WORK INSTRUCTION: Drop every picture and copy exactly the lines from the one with "Como Crear Un" through the last line of the listing below.

RAW DATA:
○ ○ ○ ○ ○
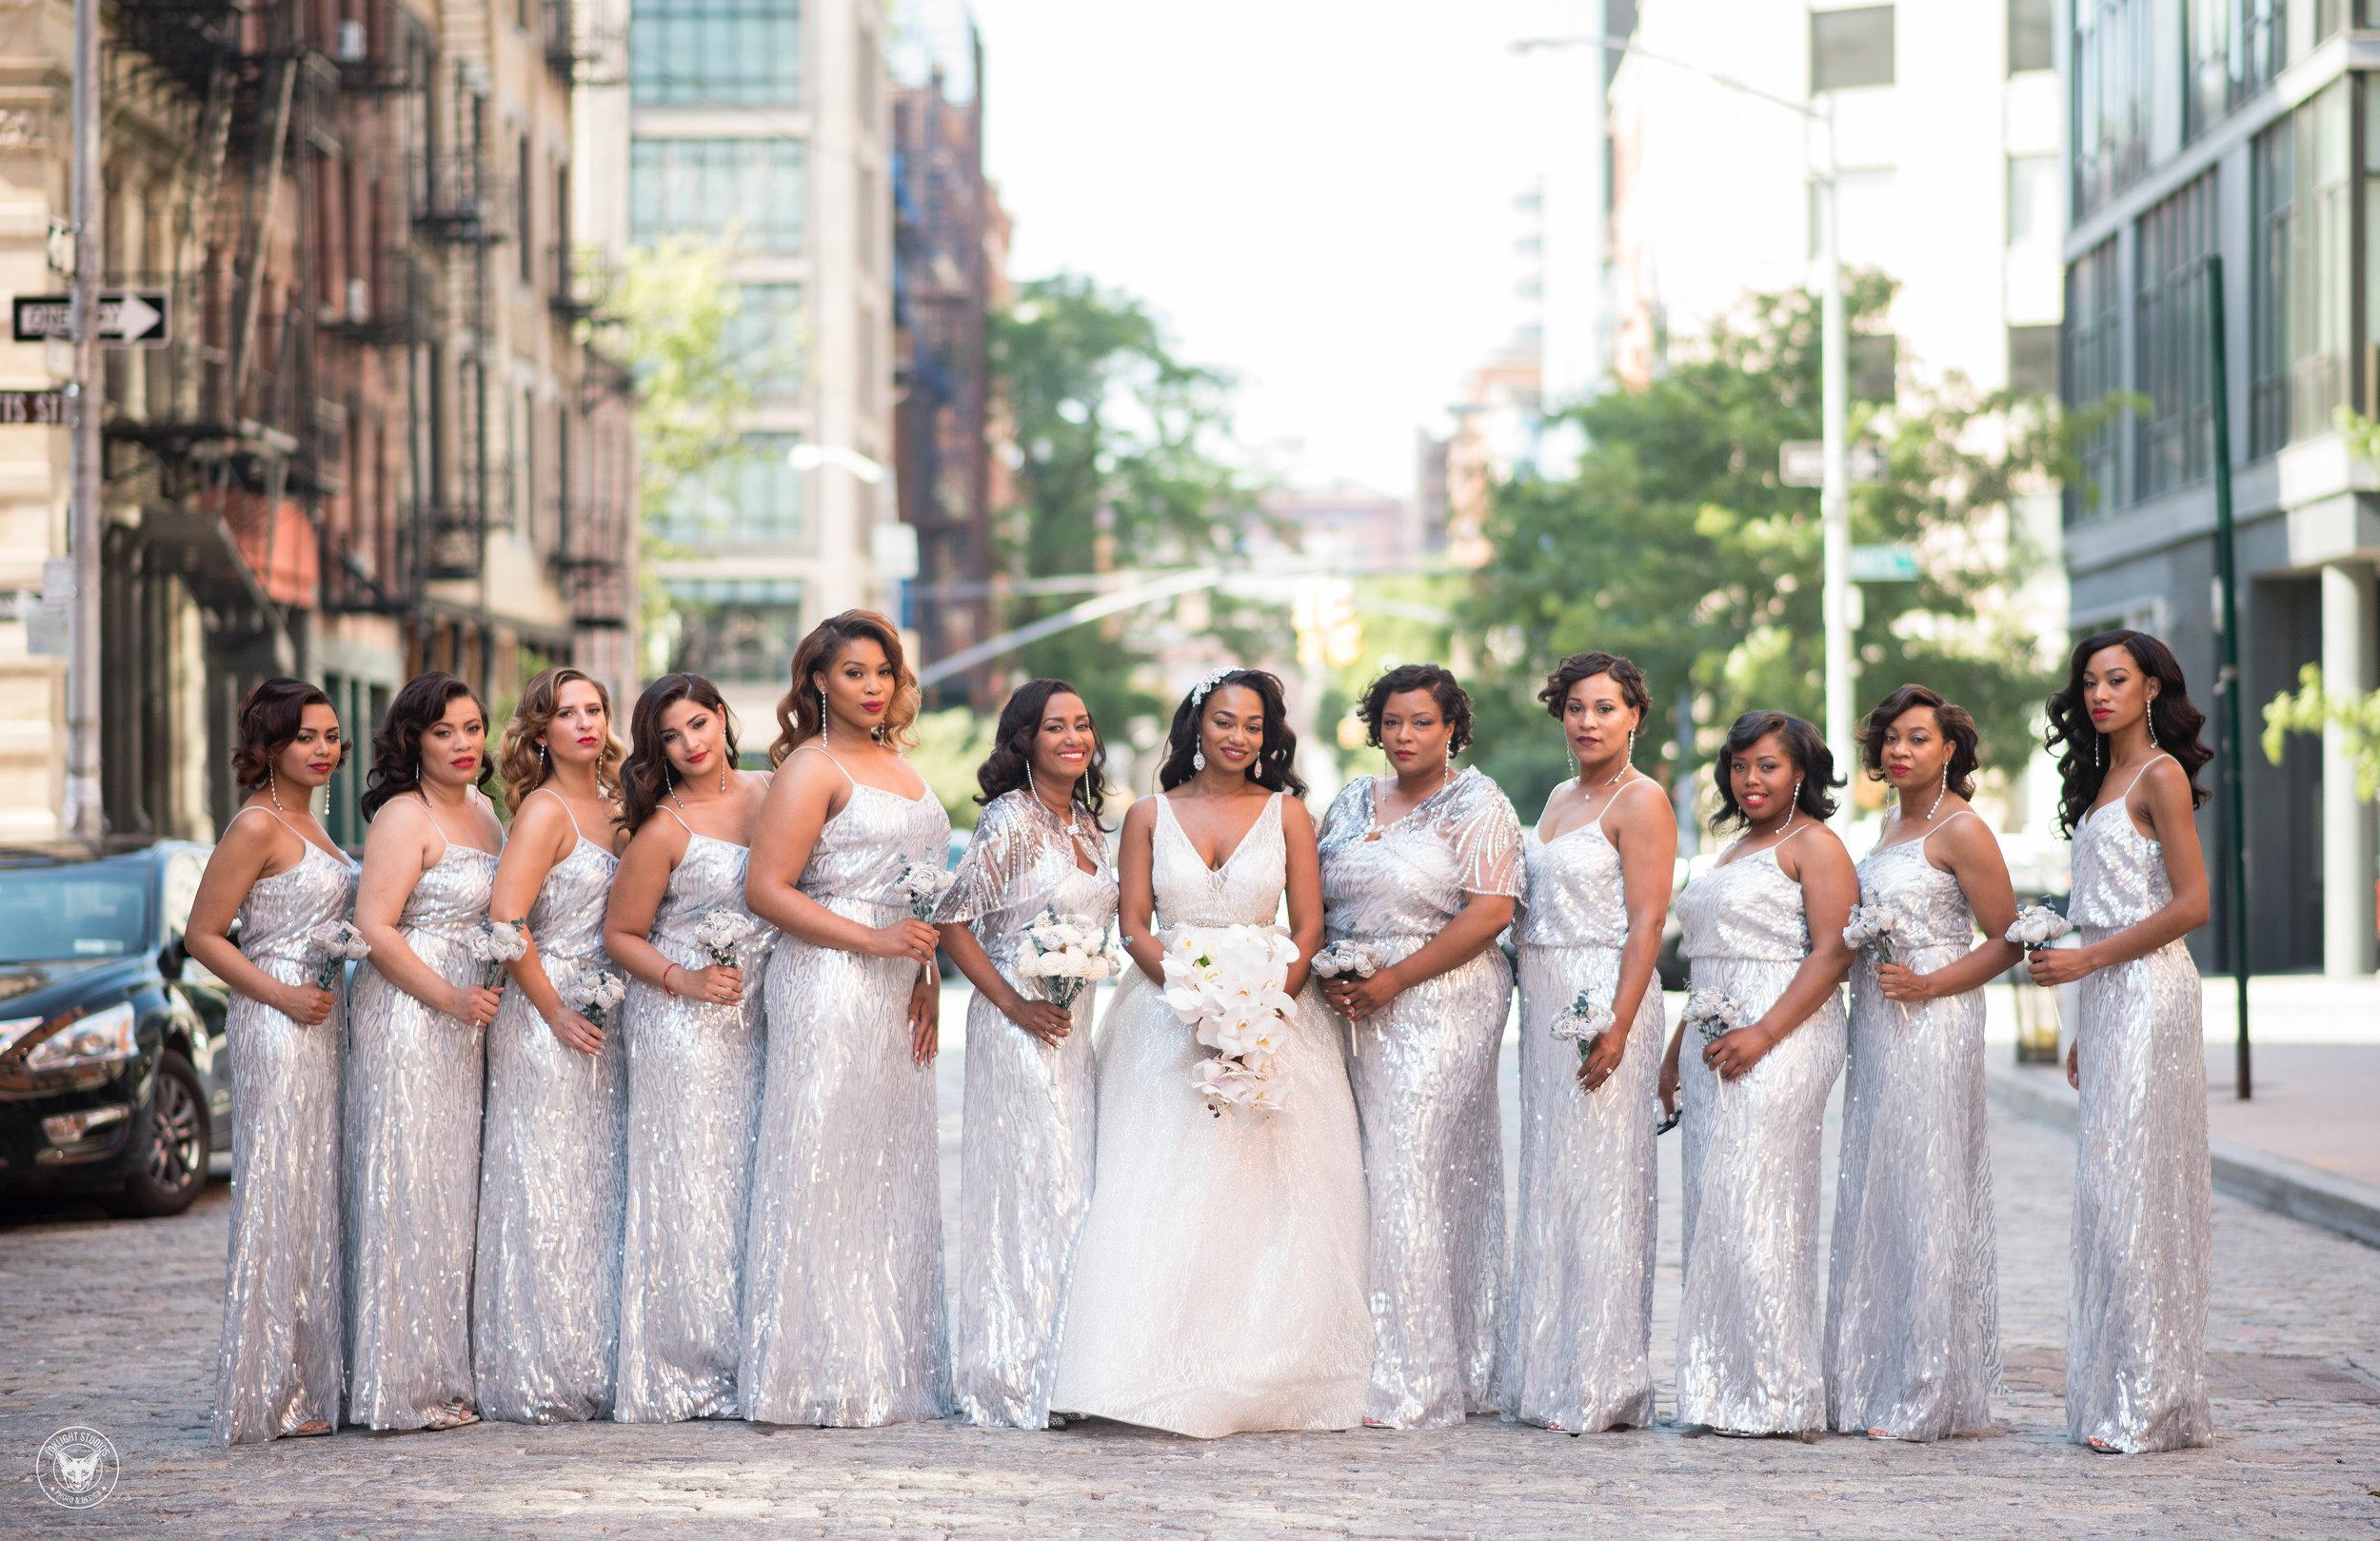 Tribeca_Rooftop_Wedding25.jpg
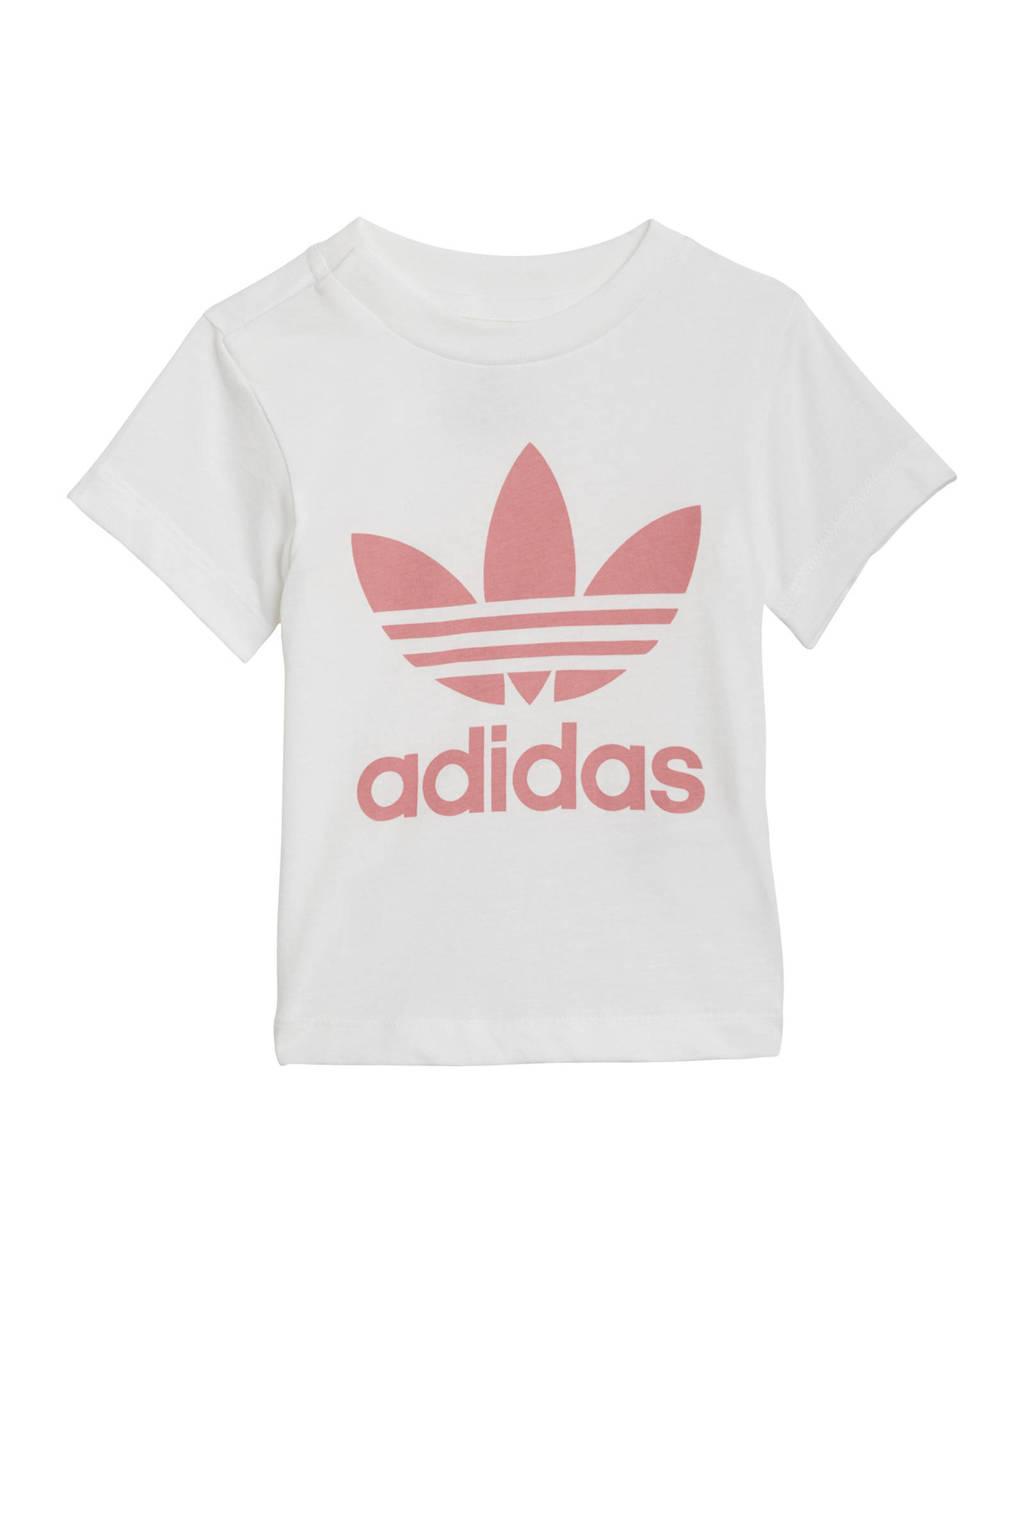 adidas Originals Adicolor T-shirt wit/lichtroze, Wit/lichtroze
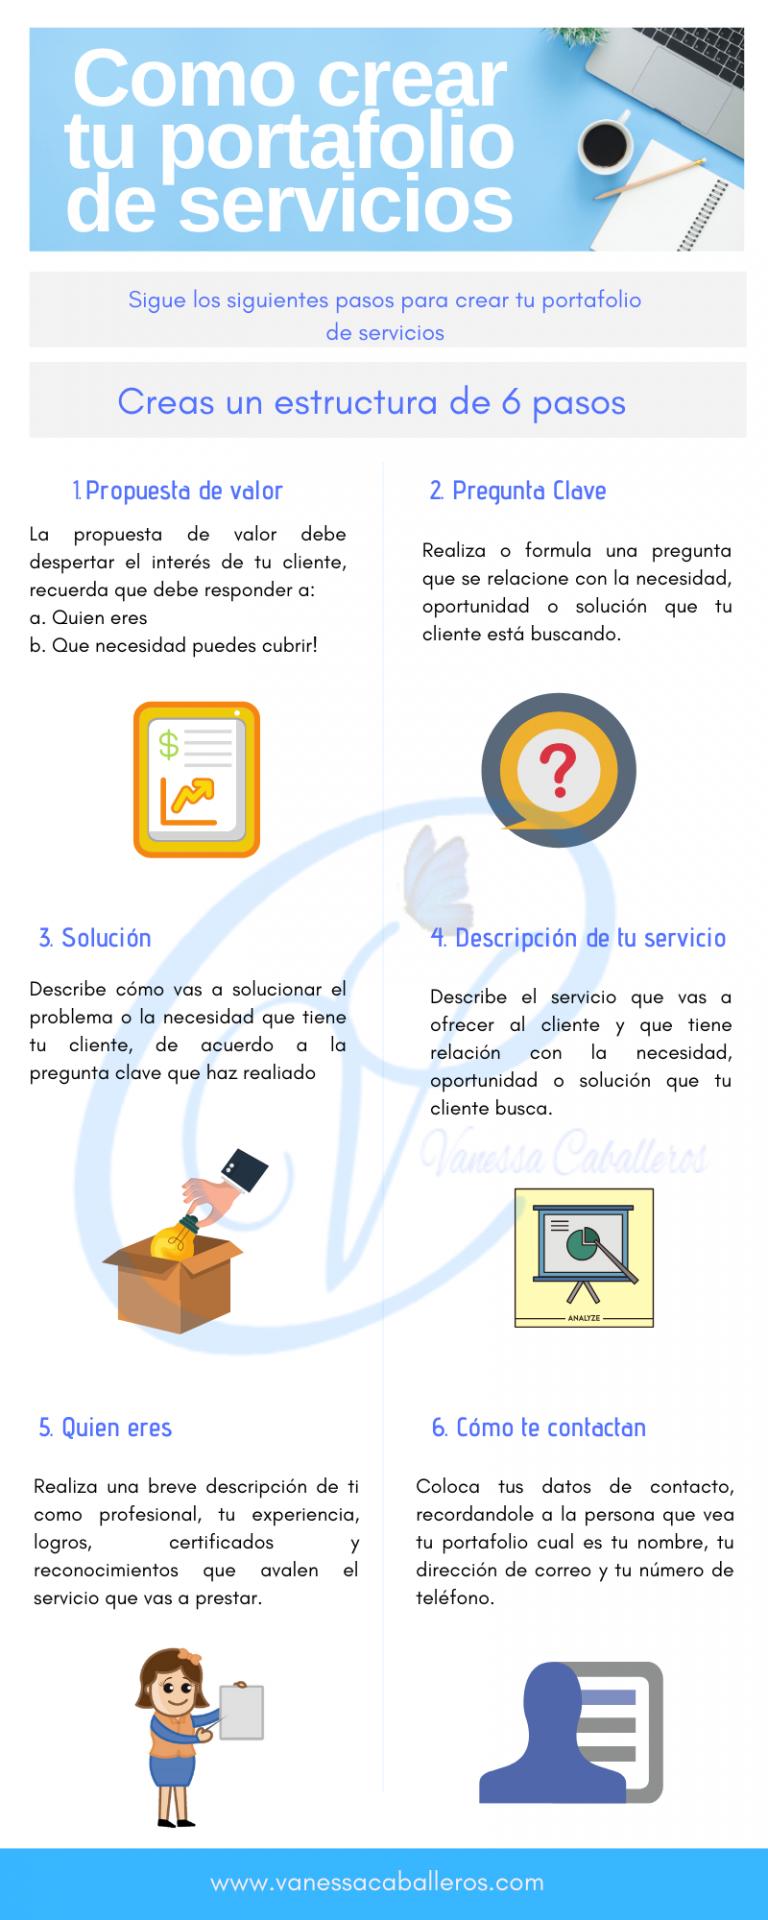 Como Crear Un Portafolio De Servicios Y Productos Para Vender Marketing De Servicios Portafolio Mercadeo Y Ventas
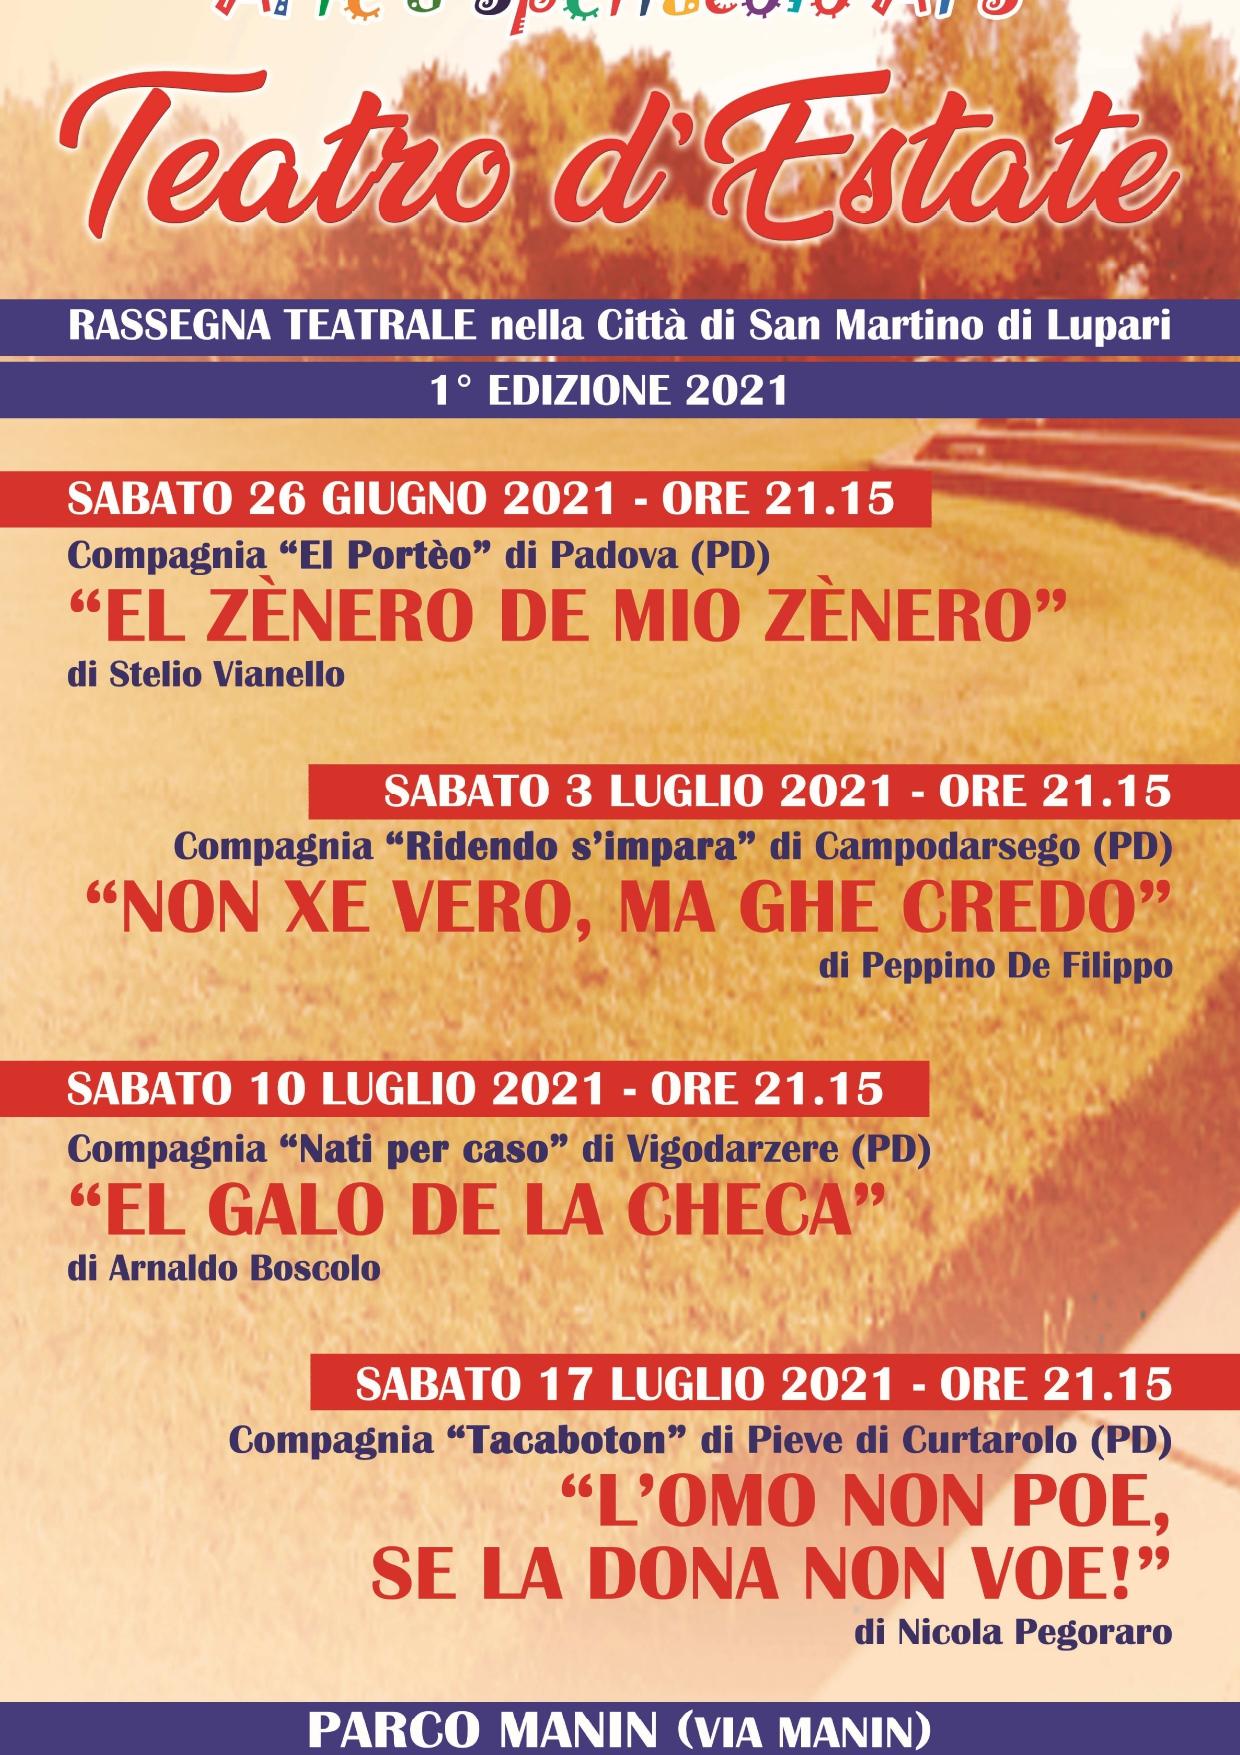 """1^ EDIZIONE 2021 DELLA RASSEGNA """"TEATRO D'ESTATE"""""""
○ ○ ○ ○ ○
ANSWER TO THIS TASK:
 Como Crear Un Portafolio De Servicios Y Productos Para Vender Marketing De Servicios Portafolio Mercadeo Y Ventas
 """1^ EDIZIONE 2021 DELLA RASSEGNA """"TEATRO D'ESTATE"""""""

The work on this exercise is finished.